Today’s entry reports on a recent decision of the Court of Justice of the European Union that will have implications for all nationally significant infrastructure and other projects that could affect protected environmental sites.

Certain sites around the country have a special EU level of protection and are known collectively as Natura 2000 sites, or sometimes by some of their sub-types, Special Protection Areas (SPAs – not obvious from the name but these are related to birds) and Special Areas of Conservation (SACs – which relate to other species and habitats). The latest iteration of transposition of the relevant directives into UK law is the Conservation of Habitats and Species Regulations 2017.

The case, known as ‘People Over Wind v Coillte Teoranta’ (I believe the first word of the defendant is pronounced ‘quill-cha), is an Irish case concerning an electricity cable to connect a wind farm, and its potential to affect two SACs, one of which contains a species of mussel (the Nore pearl mussel) that is at risk of becoming extinct. The full judgment can be found here, but here is a summary.

The mussels need clear water and so the deposit of any sediment was an issue. The developers obtained a screening opinion that this would not be a problem if specified ‘protective measures’ were implemented, set out in a Construction Environmental Management Plan (CEMP). The screening meant that the project did not need to go further along the process of analysing effects on the SPAs known as ‘appropriate assessment’.

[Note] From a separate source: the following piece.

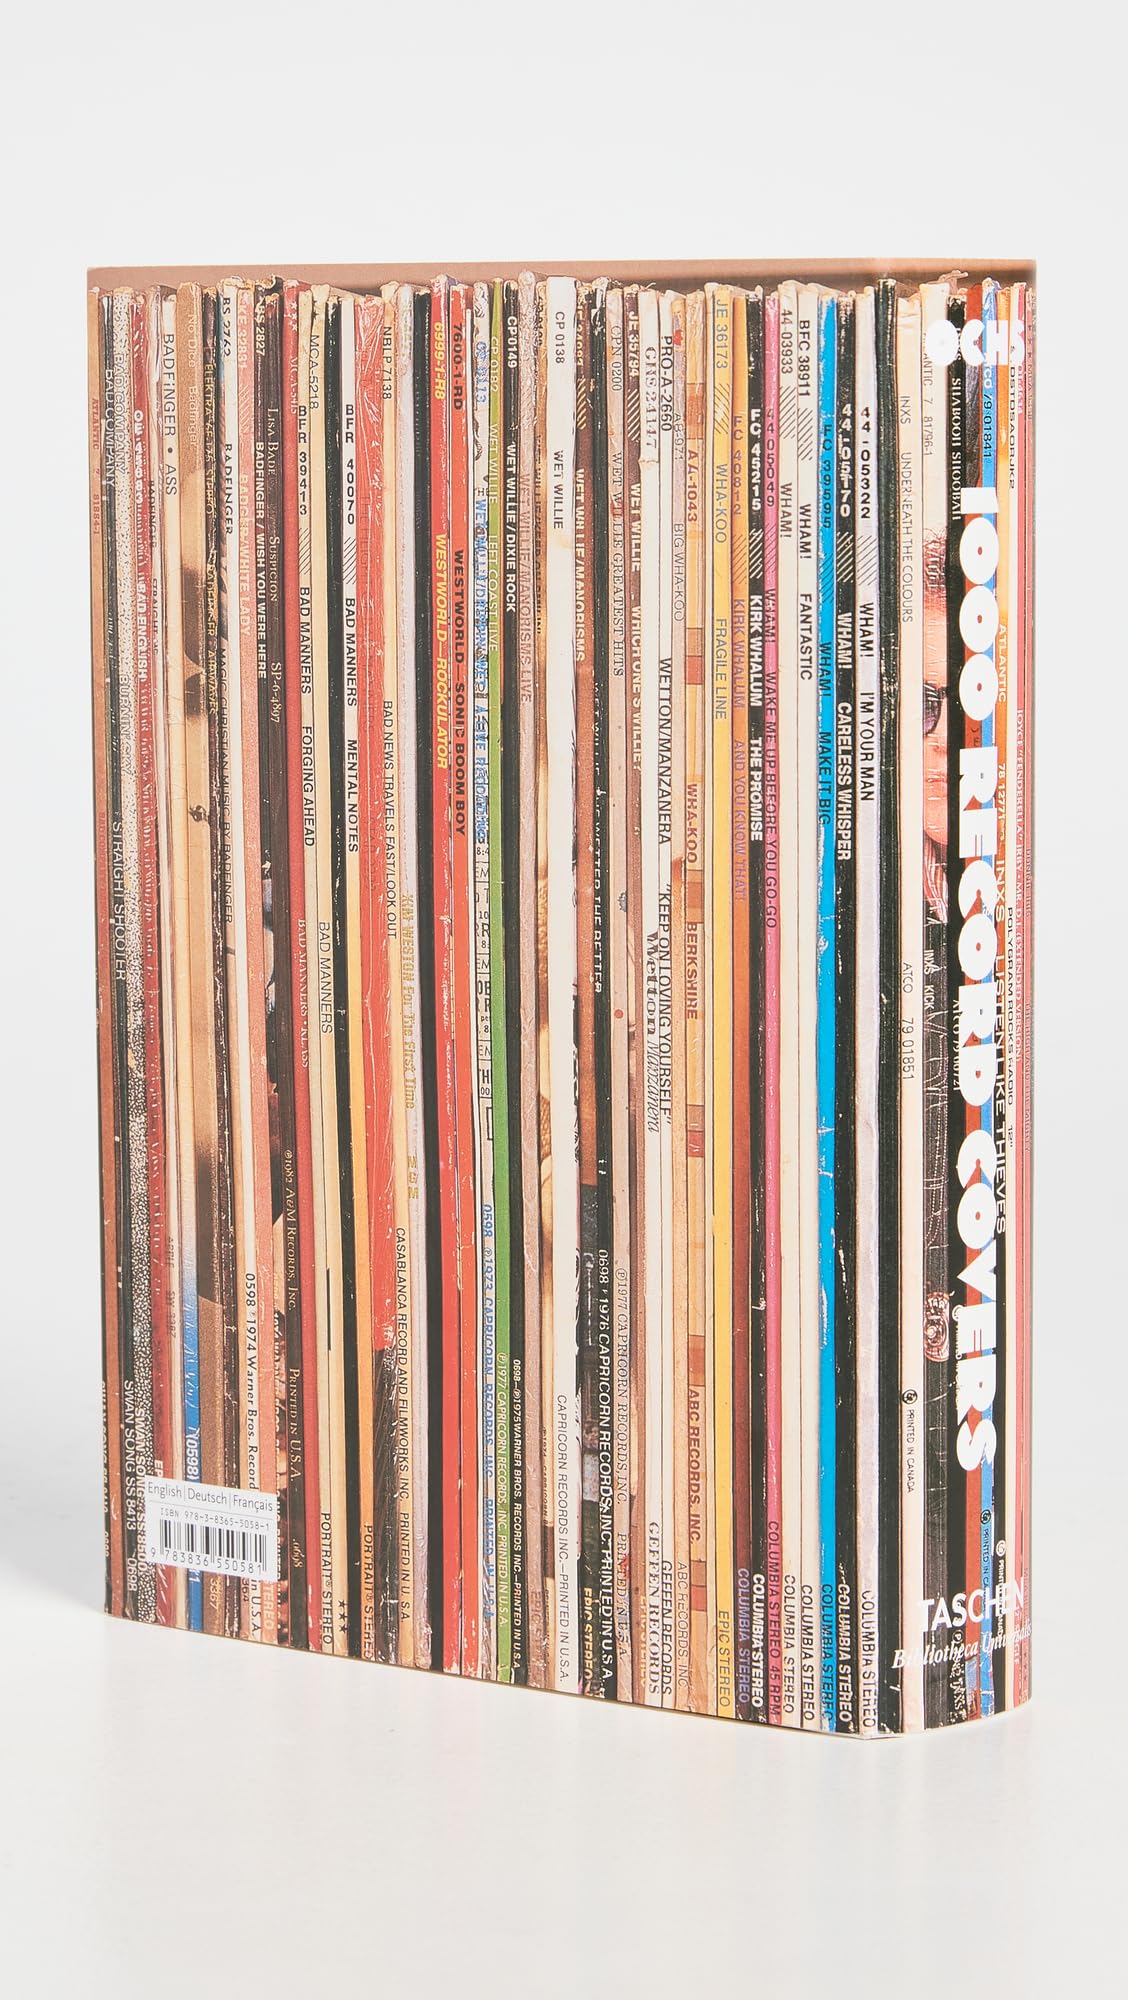 Taschen Women's 1000 Record Covers, Multi, One Size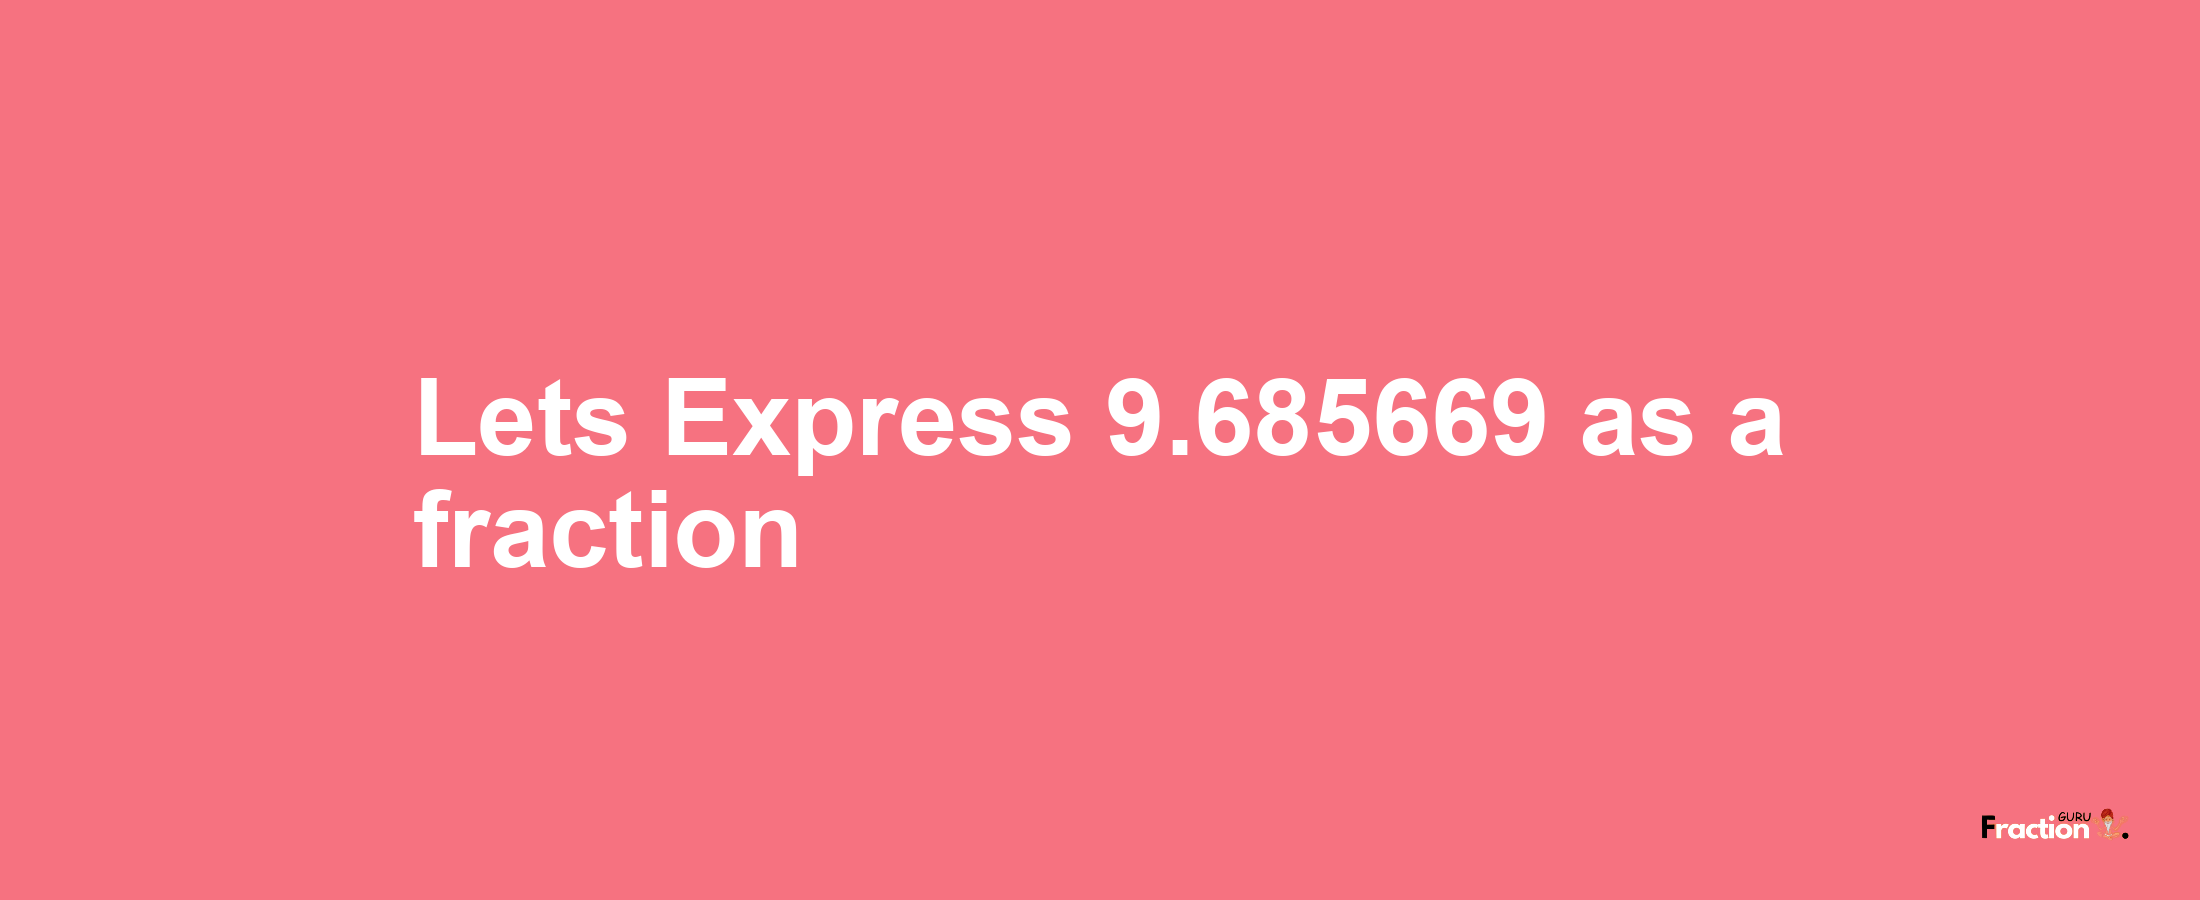 Lets Express 9.685669 as afraction

The High Court of Ireland referred the following question to the CJEU: ‘Whether, or in what circumstances, mitigation measures can be considered when carrying out screening for appropriate assessment under Article 6(3) of the Habitats Directive?’

The CJEU answered bluntly that ‘in order to determine whether it is necessary to carry out, subsequently, an appropriate assessment of the implications, for a site concerned, of a plan or project, it is not appropriate, at the screening stage, to take account of the measures intended to avoid or reduce the harmful effects of the plan or project on that site.’

The main reason given was that ‘a full and precise analysis of the measures capable of avoiding or reducing any significant effects on the site concerned must be carried out not at the screening stage, but specifically at the stage of the appropriate assessment’. Not really a reason, but a statement supporting the judgment.

This is at odds with a 2008 English case ‘Hart v Secretary of State for Communities and Local Government‘, where Mr Justice Sullivan said that ‘I am satisfied that there is no legal requirement that a screening assessment under Regulation 48(1) must be carried out in the absence of any mitigation measures that form part of a plan or project.’

The CJEU judgment has caused some consternation in environmental circles as it has overturned an issue that had been thought settled. Although it doesn’t necessarily mean projects being more likely to be refused, it does mean they may have to go further along the appropriate assessment flowchart before they can get consent (eg the one on page 4 of Advice Note 10) which may add to cost and time.

It might be the case that mitigation measures designed into the project in question could still be taken into account at the screening stage, as separate from mitigation measures added afterwards, and it would surely be unhelpful to discourage the incorporation of mitigation into design, sometimes known as ’embedded mitigation’. We shall no doubt see.

The takeaway from this is that if your project has one or more nearby Natura 2000 sites, you may need to take another look at what you took into account to decide whether it needed appropriate assessment – or if you haven’t got that far, you may need to take a slightly stricter approach. If you are opposing a project, then check what was done as it may not have been enough.